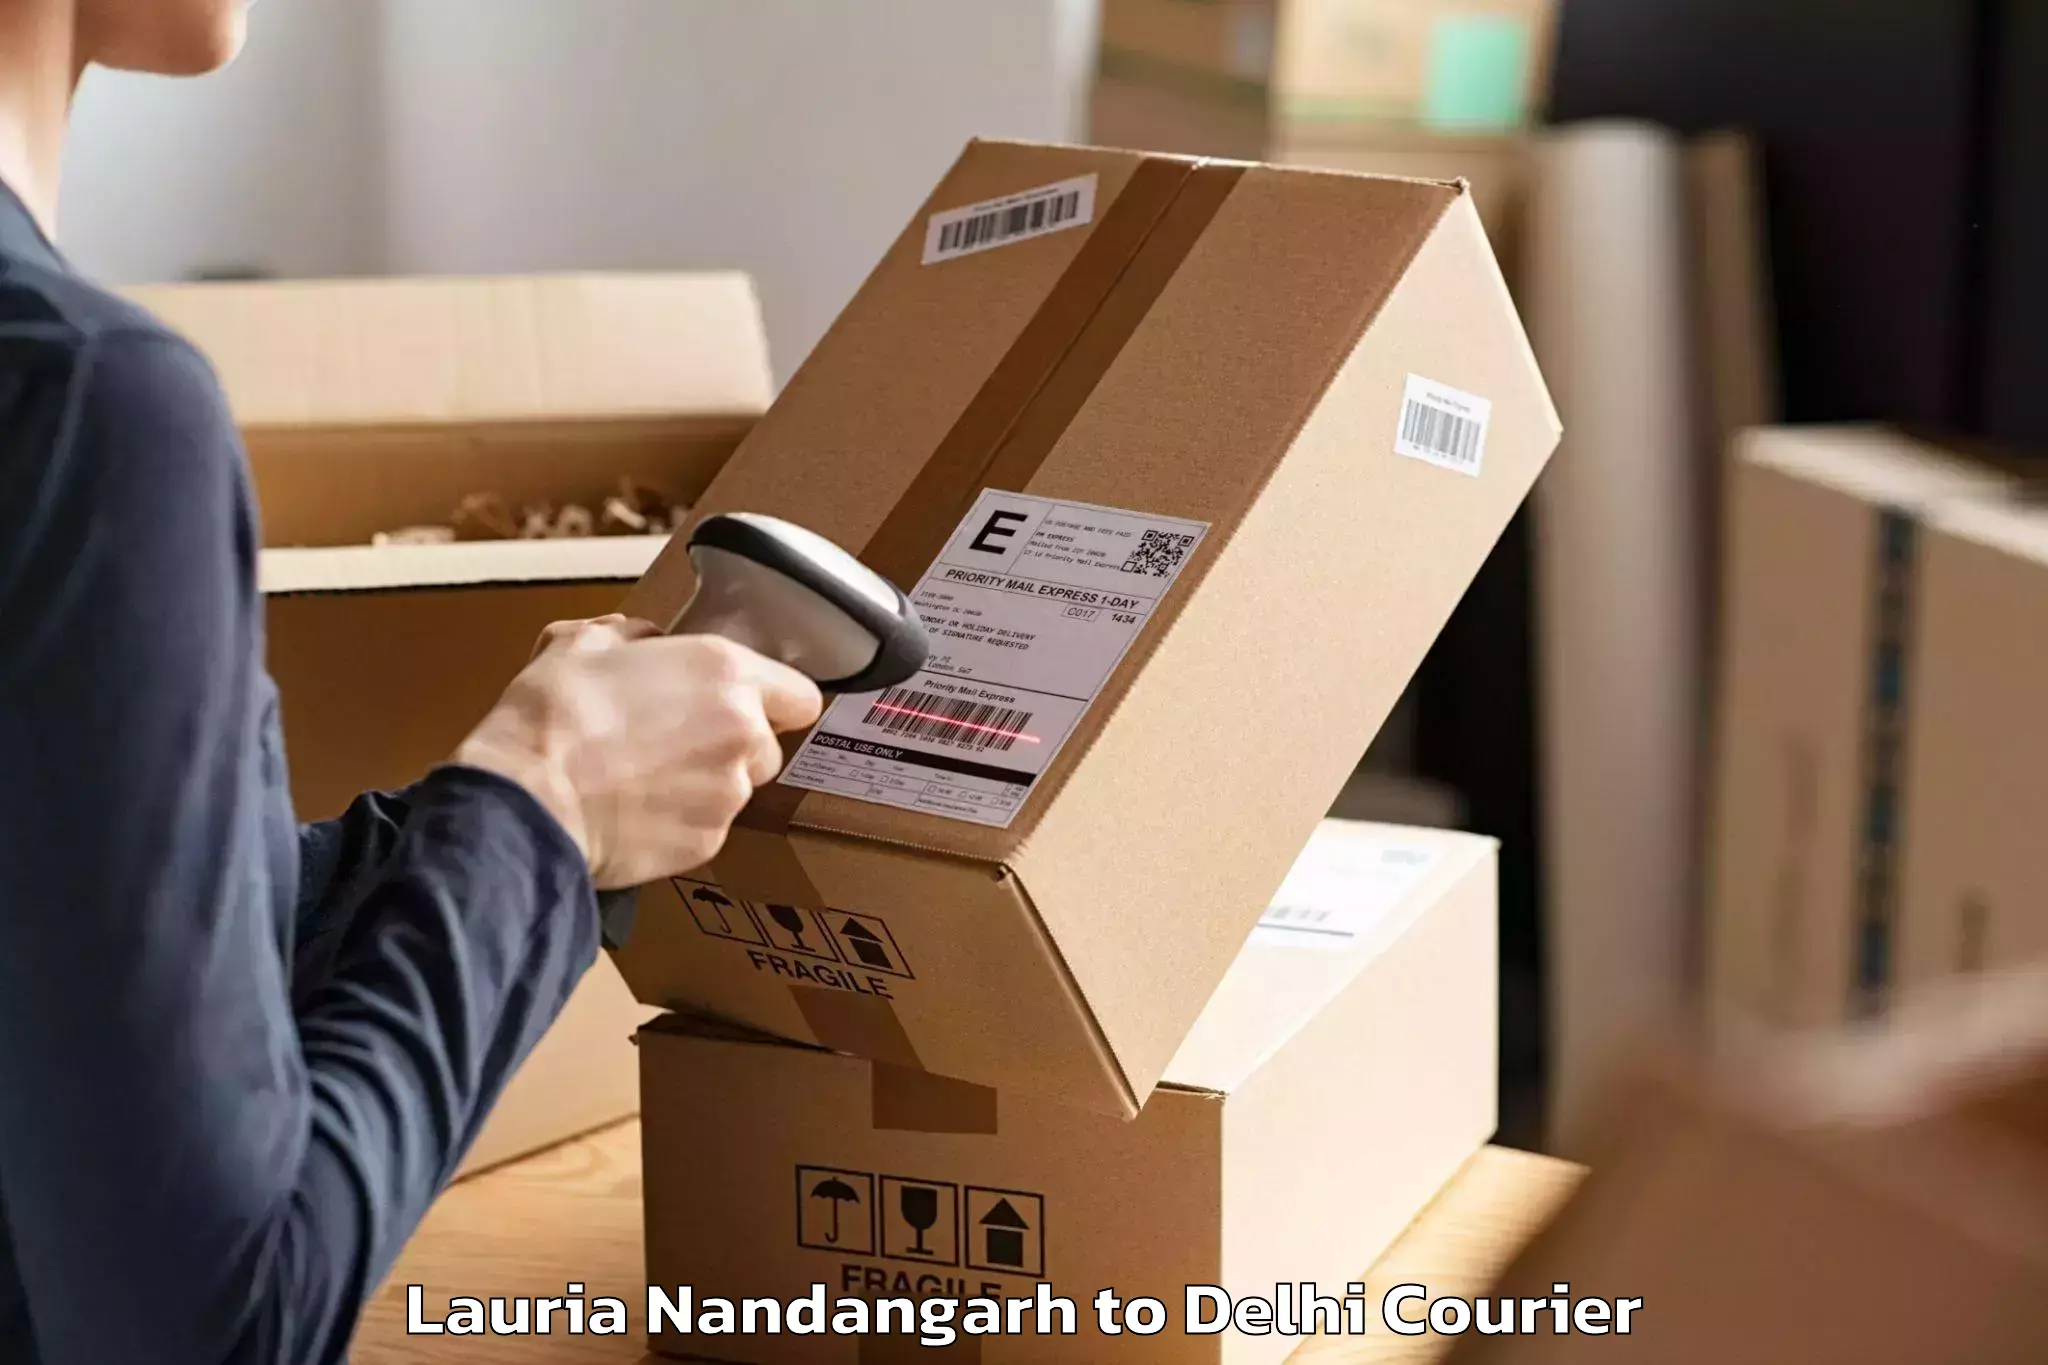 Moving and handling services Lauria Nandangarh to Delhi
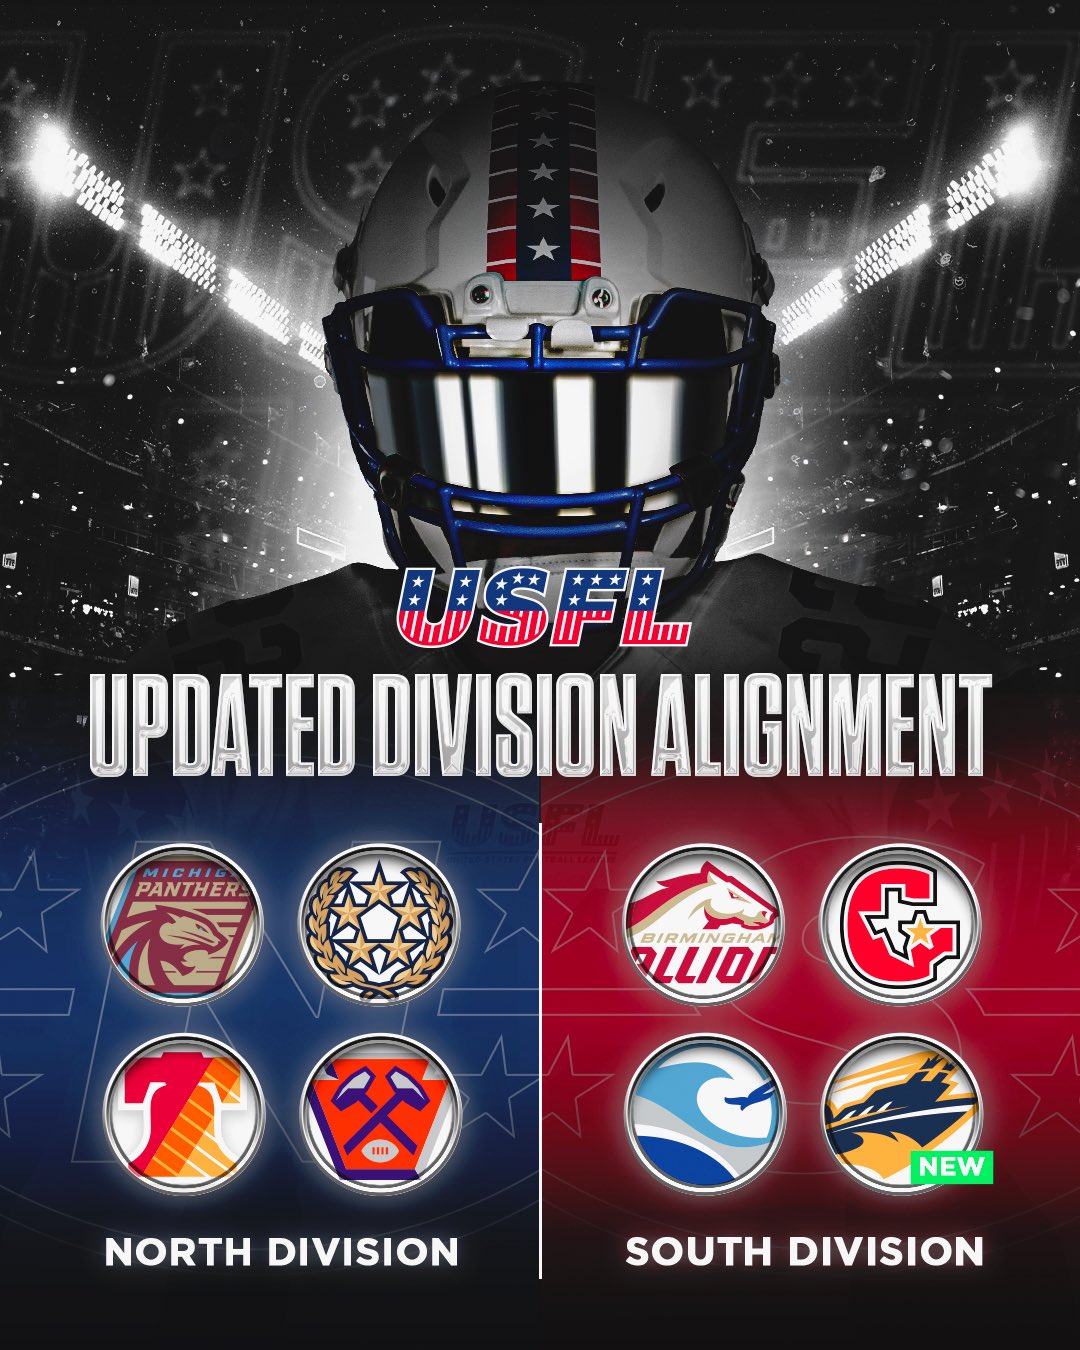 USFL on Twitter "Here’s a look at the updated division alignment for
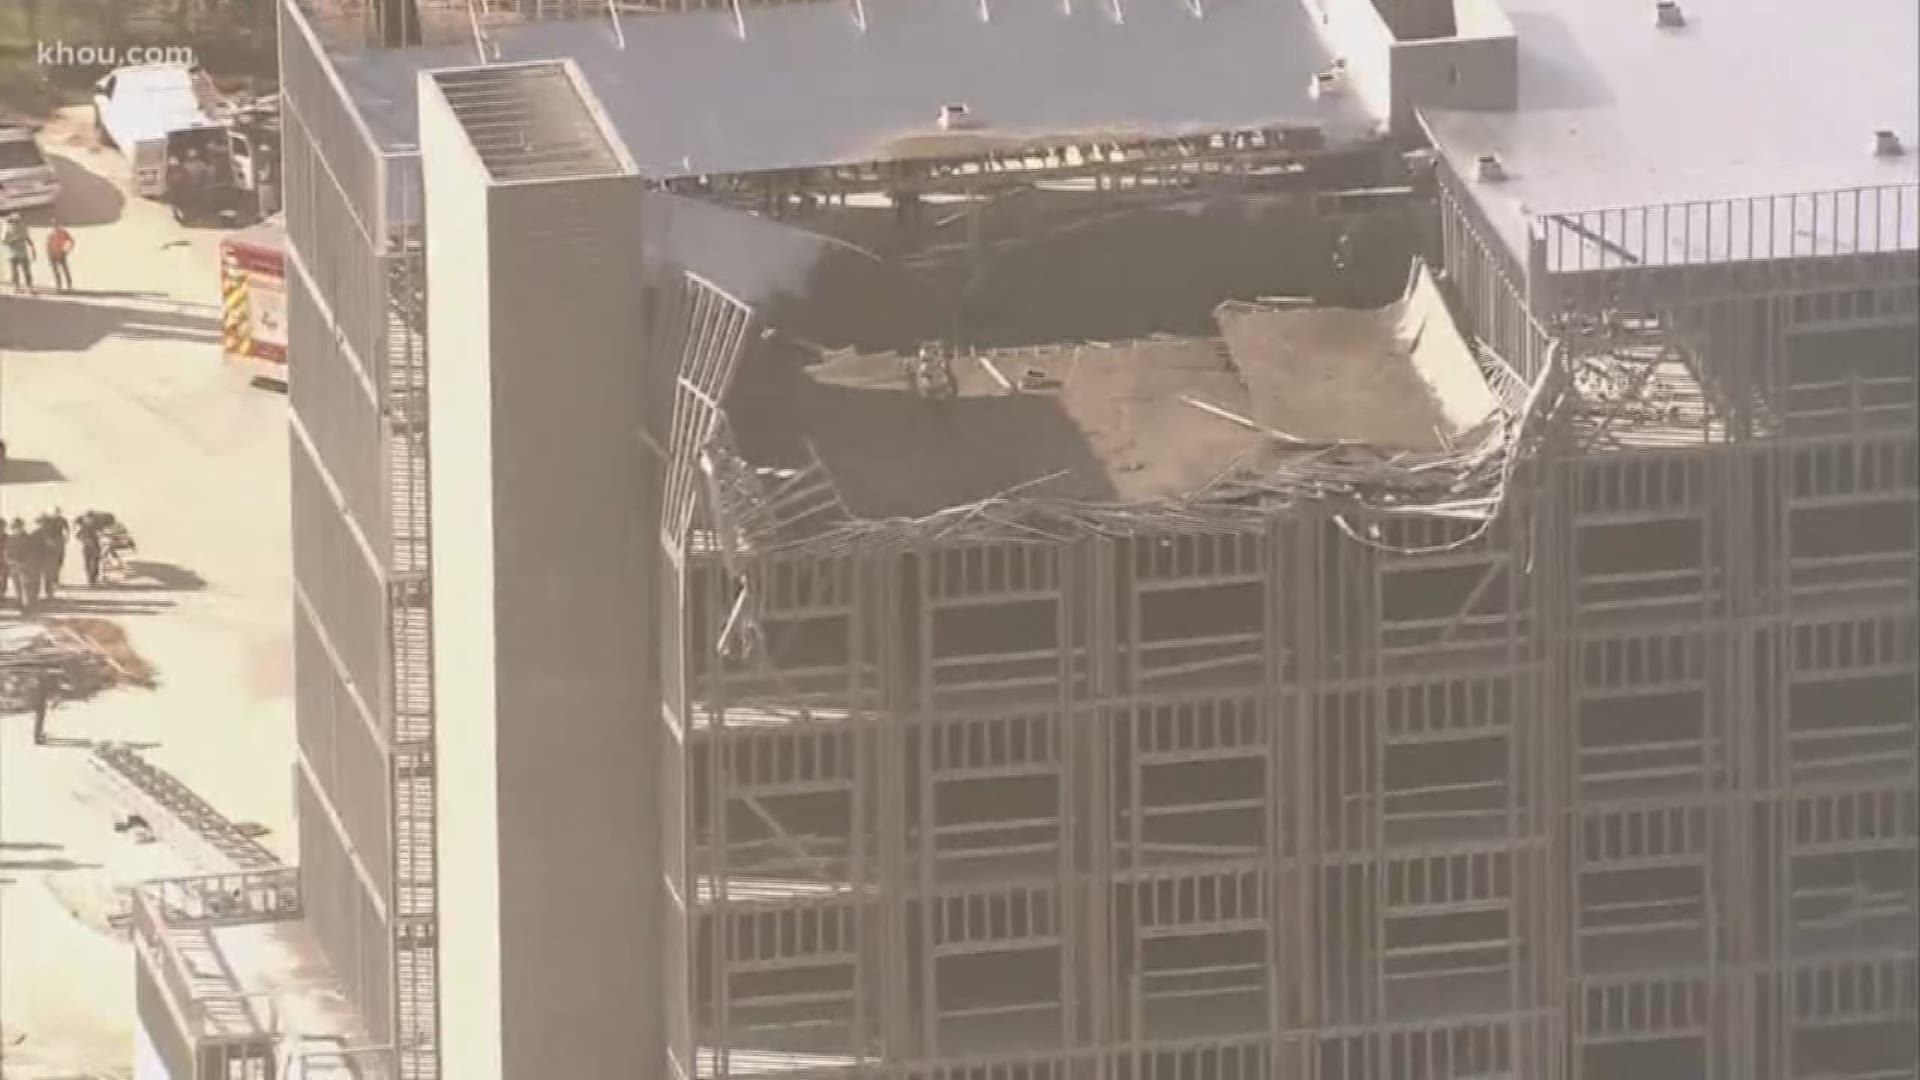 Nine people were taken to the hospital after a roof collapsed at a hotel under construction. The workers suffered minor injuries.
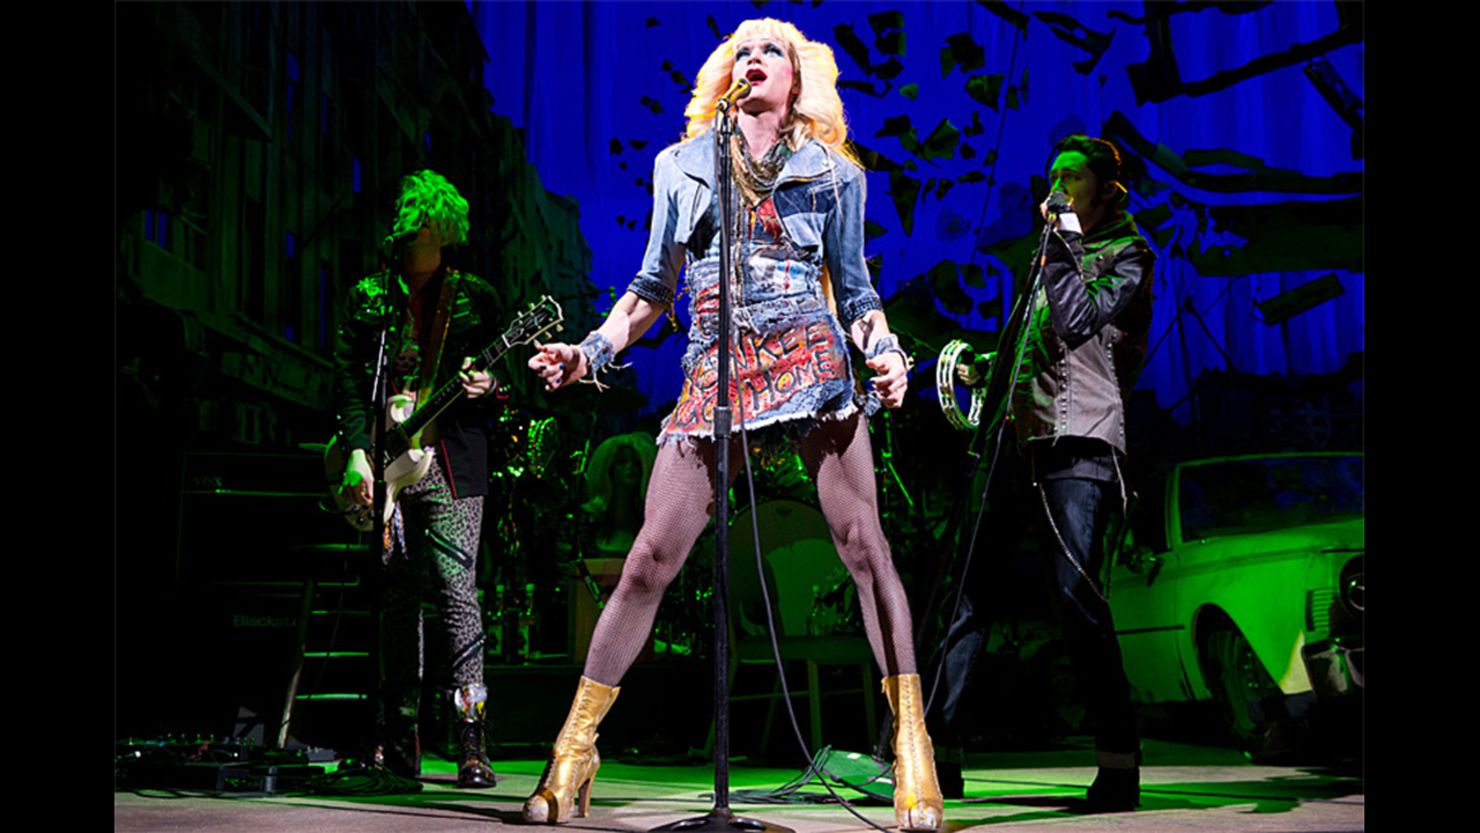 Neil Patrick Harris earned a Tony nomination for his performance in "Hedwig and the Angry Inch."

### Action item:
The entire listing is to be printed exactly, with each picture omitted.

### Written reply:
 Moving and handling services Lauria Nandangarh to Delhi
 USFL on Twitter "Here’s a look at the updated division alignment for
 Nine people were taken to the hospital after a roof collapsed at a hotel under construction. The workers suffered minor injuries.
 Neil Patrick Harris earned a Tony nomination for his performance in "Hedwig and the Angry Inch."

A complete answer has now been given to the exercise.